## About this task
Could every line of the listing be output exactly, with the pictures skipped?

## Provided material
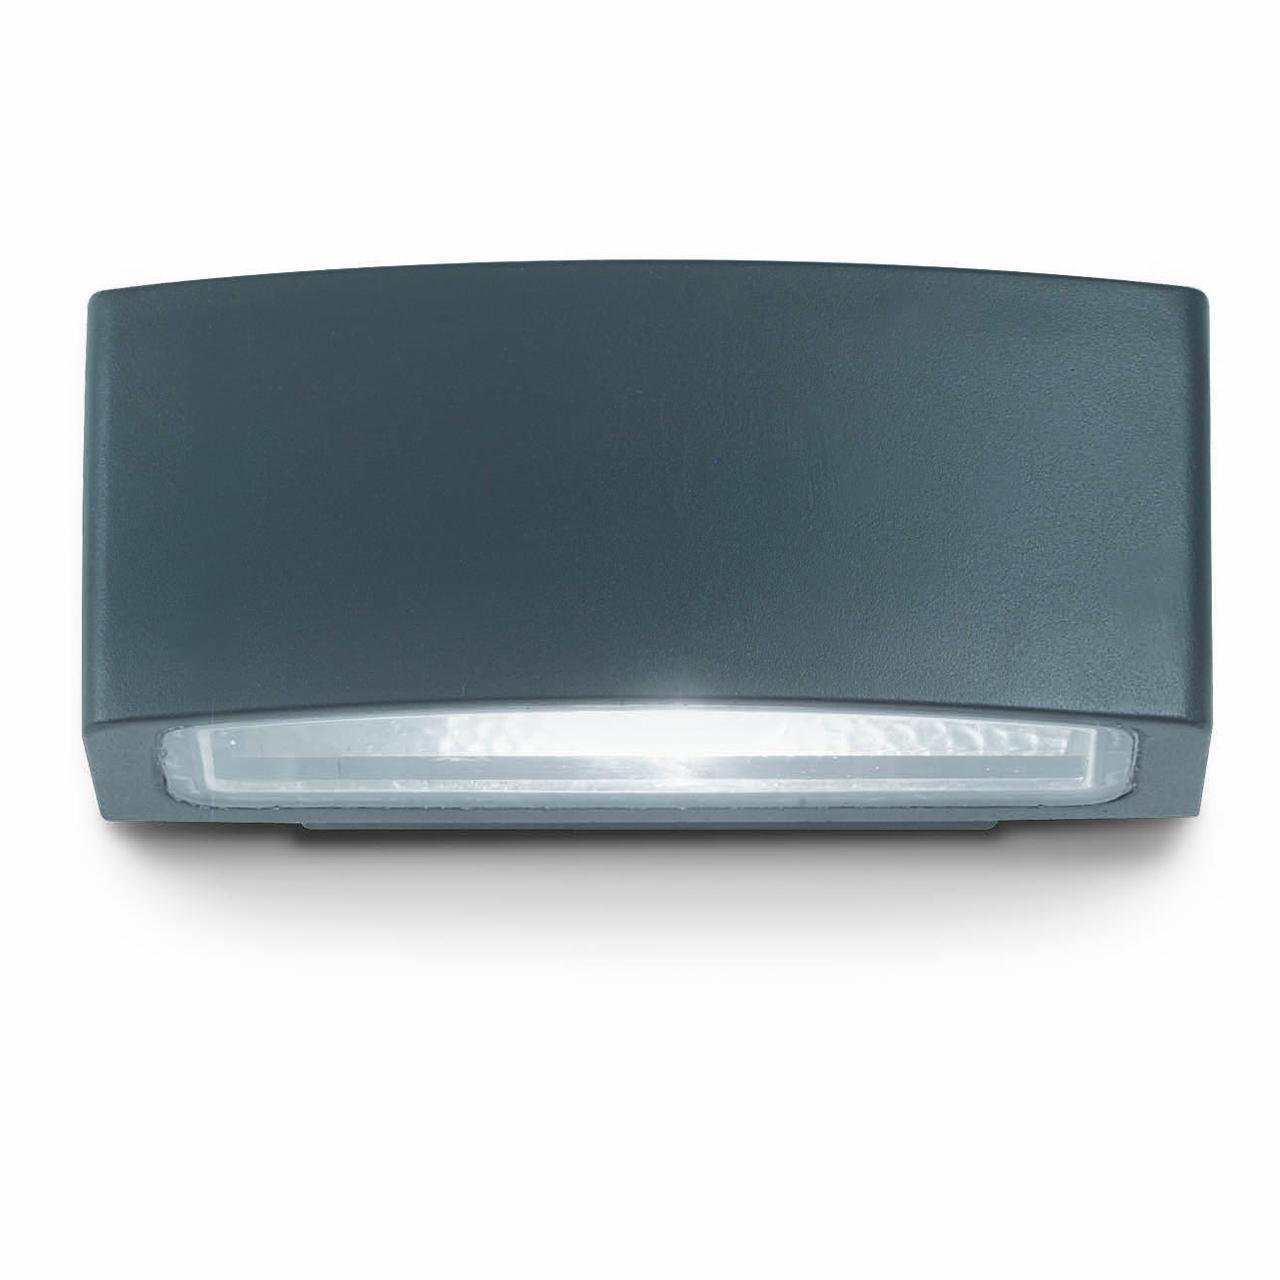 Уличный настенный светильник Ideal Lux Andromeda AP1 Antracite ideal lux уличный настенный светильник ideal lux rex 1 ap1 antracite
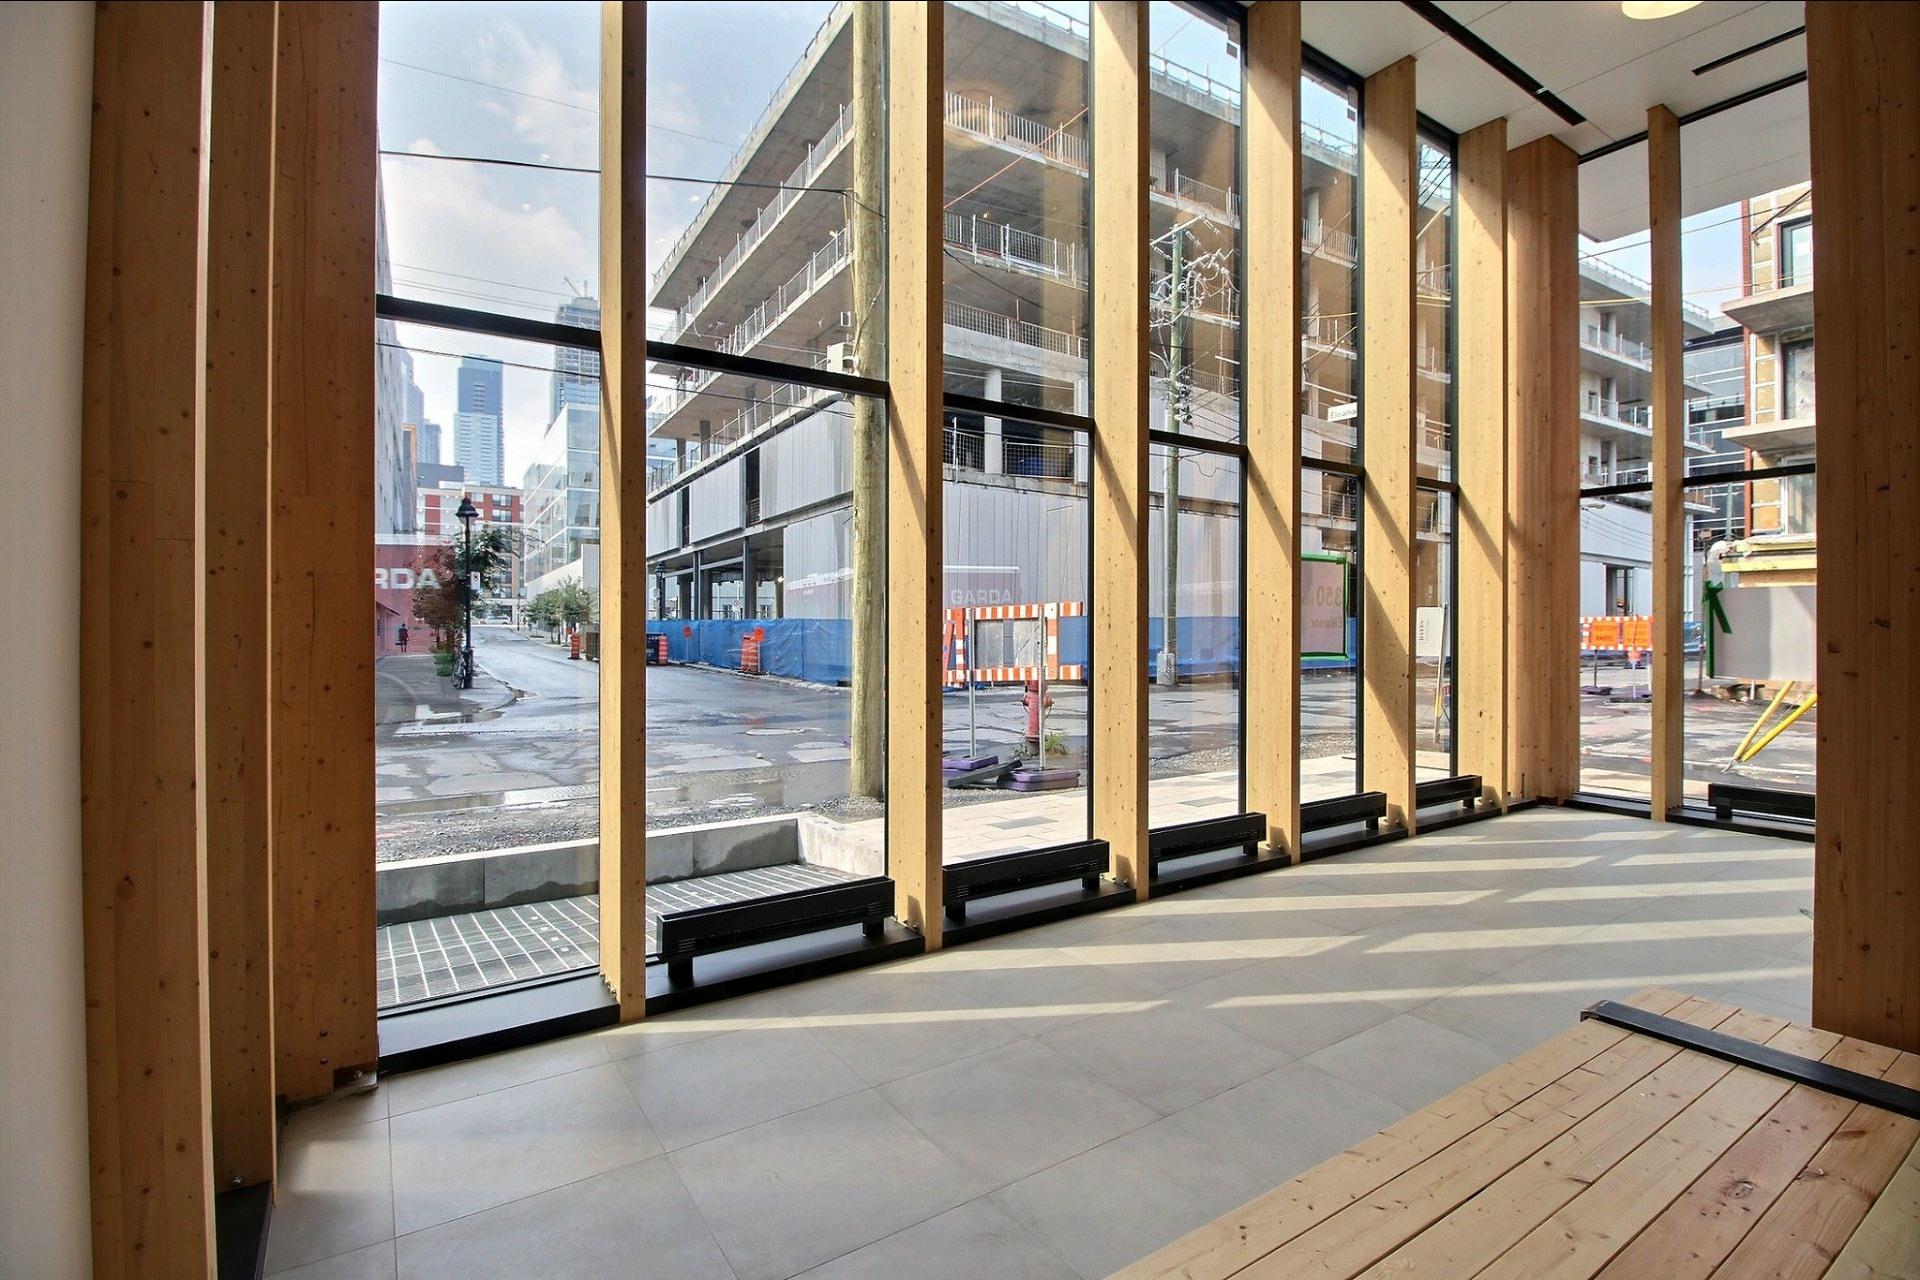 image 2 - Appartement À louer Montréal Le Sud-Ouest  - 4 pièces
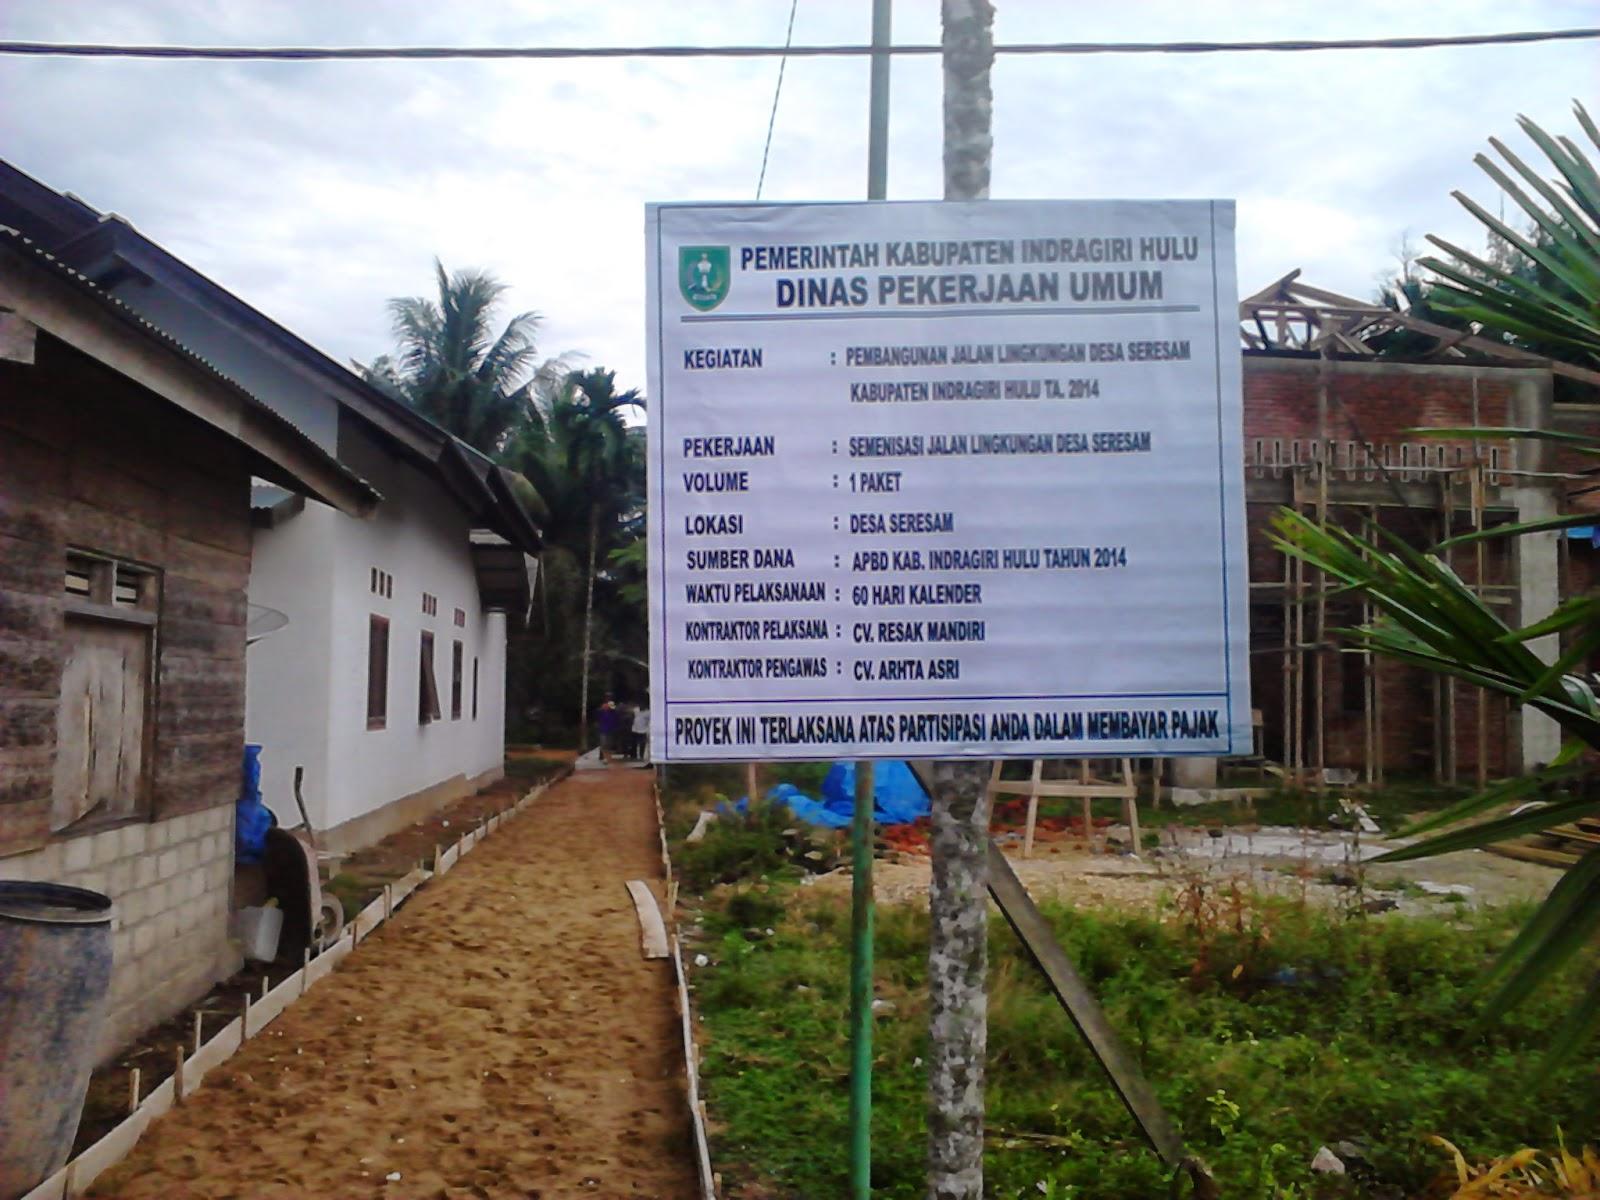 CV Resak Mandiri DEVID EKHA HIDAYAT semenisasi di Desa Seresam

## Answer section
 Уличный настенный светильник Ideal Lux Andromeda AP1 Antracite ideal lux уличный настенный светильник ideal lux rex 1 ap1 antracite
 image 2 - Appartement À louer Montréal Le Sud-Ouest  - 4 pièces
 CV Resak Mandiri DEVID EKHA HIDAYAT semenisasi di Desa Seresam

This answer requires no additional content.